Clustering in BigQuery
Clustering in BigQuery
We’re excited to announce the introduction of Clustering for BigQuery warehouses in Daton! This functionality is designed to optimize query costs and enhance performance when using BigQuery.
What is Clustering?
Clustering in BigQuery arranges rows with similar values closer together, based on one or more specified columns.
- Benefit: Optimized query performance through data pruning, which scans only the relevant subsets of data based on filter criteria.

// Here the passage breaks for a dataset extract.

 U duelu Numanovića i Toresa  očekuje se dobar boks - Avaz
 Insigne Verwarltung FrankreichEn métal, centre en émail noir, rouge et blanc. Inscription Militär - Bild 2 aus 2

- Target Column: Daton implements clustering on the _daton_batch_runtime column to maximize efficiency.
How to Enable Clustering?
New Destination setup
- During destination creation, you can select TRUE for the enable clustering option.
Existing Destination
- Go to Destinations page
- Click on Edit destination
- Set the enable clustering drop-down to TRUE
Note: Tables created or reloaded after this change will automatically be clustered on _daton_batch_runtime
Impact on Queries
Here's an example to compare the query cost difference before and after clustering
Before Clustering:
Here the query to get latest data pulled from Daton had to go through the entire data set costing 1.46 GB to process the data
After Clustering:
Once we enabled clustering, the same query is costing 10 MB providing efficiency of more than 99%.
Start optimizing your BigQuery queries with clustering today!